Own up! How many of you turn first to the biographical notes when handed a new anthology? It’s a terrible confession to make but sometimes I find I’m more curious about who I’m reading than what I’m reading. It’s the literary equivalent of going round a gallery looking at the cards on the wall beside the paintings rather than viewing the art itself.

Then there’s the thorny business of writing the biographical note to accompany my own submissions to publications. In a typical word limit of some 50-100 words there’s only so much you can say. A bit like dating profiles, contributors notes are a genre in their own right. I always used to compose very bland biographies and have never been particularly keen on including too much detail about my personal life outside writing. Although, on the other hand, I suspect that is what people really want to read, something to put the author in a context, however inappropriate that may be to the work being published. For some reason that I’ve never worked out, geographical location, and preferably place of birth (however fleetingly irrelevant), seem to be the popular staples of biographies. And surely the only reason that most of us plough through reading an author’s list of where they’ve had work published is so that we can either be suitably envious/unimpressed, or simply in order to compile a list of publications to target with our own submissions?

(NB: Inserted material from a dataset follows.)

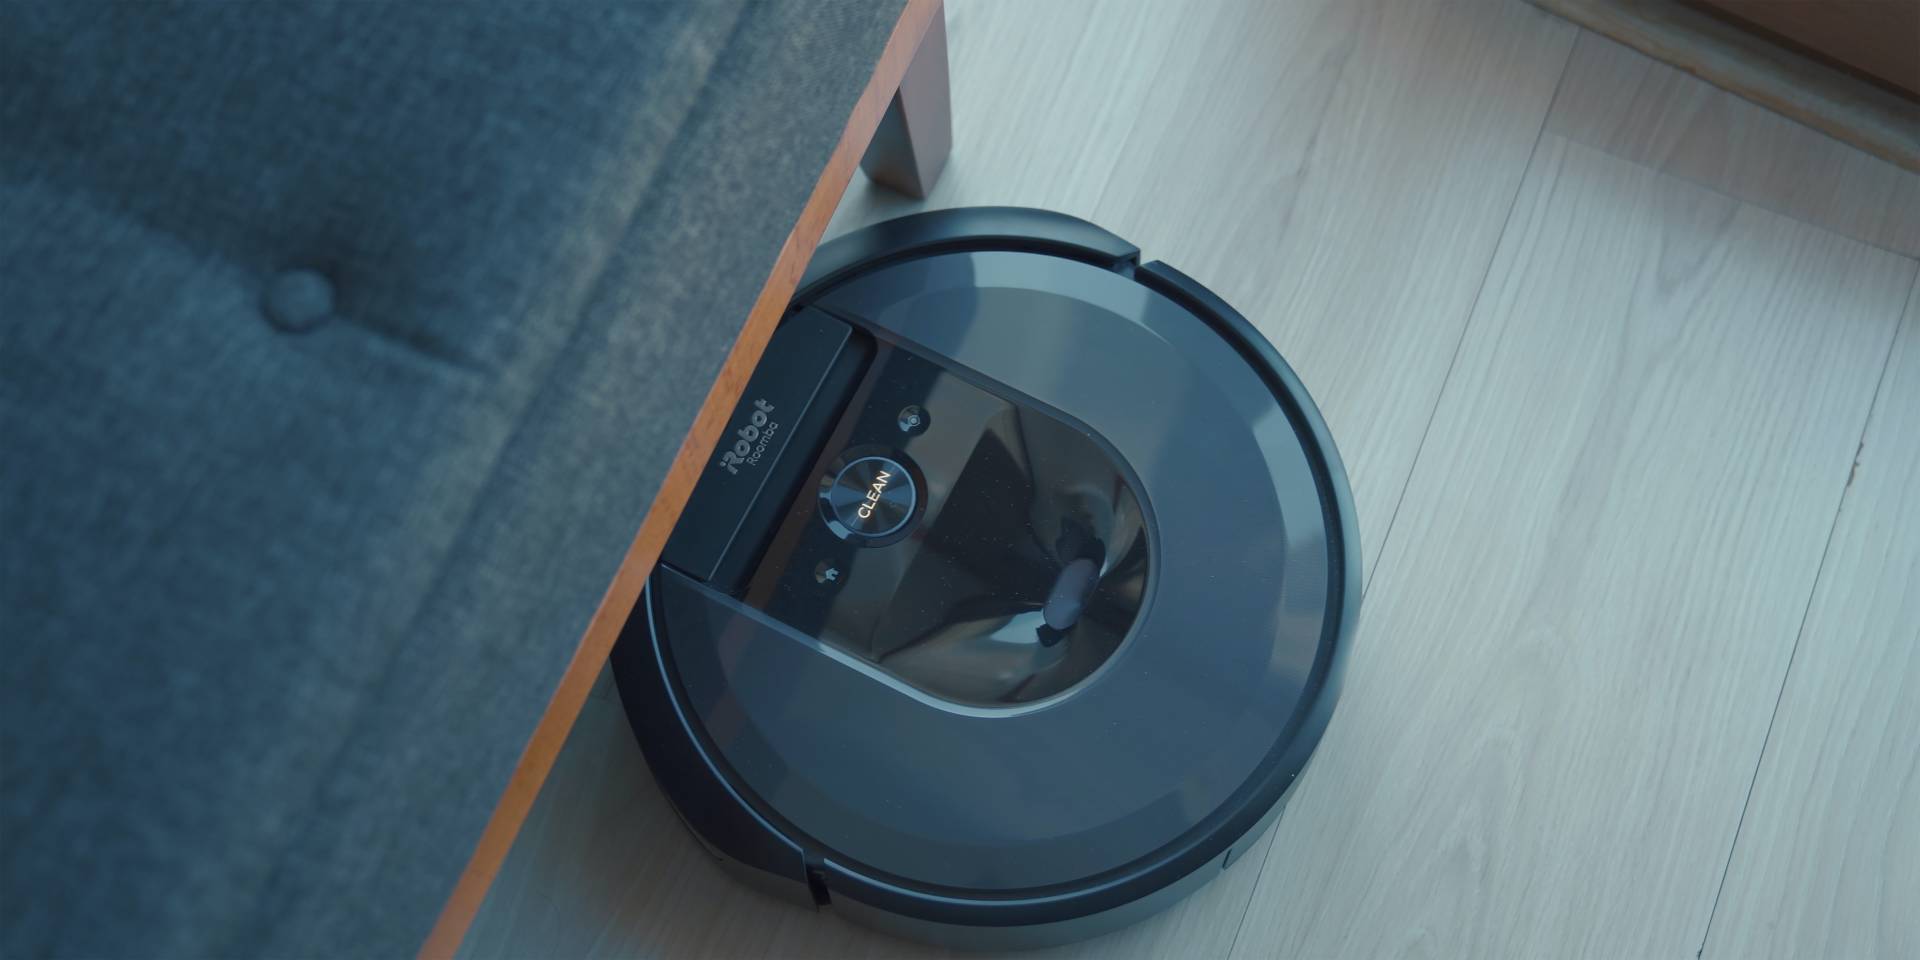 Roomba-Maker iRobot's Shares Plunge After EU Regulators Question

There’s also the knotty issue of judging the tone of everyone else’s biographies so that you can fit in with the house style. You don’t want to submit something that trumpets your love of chocolate biscuits and carpet slippers when everyone else is banging on about their long-listing for the Chumleigh-Smythe Prize. Then there’s the first-person or third-person dilemma. Writing something that implies it’s been concocted by someone else is a ridiculous convention, but convention it is, nevertheless. The odd-one-out biography that begins “I…” always comes over as engagingly honest, but sometimes a little naive.

Anyway, in recent years, I’ve developed a habit of sometimes trying to to adapt my biographies to my audience and to match them to the piece of writing they accompany. Hence, I’ve found myself submitting a biographical note that included the line “Pauline Masurel never learned to play the piano.” to go with a short story called Song Without Words and one that began “Don’t talk to me about Pauline Masurel,” for a review of a book called A History of Sarcasm. Perhaps I was taking things a bit too far when I started writing gothic flash fiction in my biographical note to follow a review of Victorian vampire stories? No one loves a smartarse, especially not in a biographical note.

I’ve written crashingly dull biographies that say nothing at all beyond trying to convince people that ‘I am a writer, please take me seriously, because I’ve had things published before.’ In fact, come to think of it, perhaps that’s all the biographical note is there for, a form of self-professed validation? I’ve tried to sound quirky and urban and espouse my love of fire-juggling and extreme punctuation. Who knows if I’ve succeeded in getting down with the kids on the street as a result. Perhaps one of the silliest things I’ve been asked to do was to write a 100-word biography to go with a story that was only 50 words long to start with.

If I ever start to worry that I’ve become completely dysfunctional about my biographical notes then I can console myself that Michael Martone has taken things a stage further and produced a whole book of them, called Michael Martone. Now that, in the nicest possible way, really is daft.

This blog post will be followed by a short biographical note. Just how self-conscious do you think I feel about that?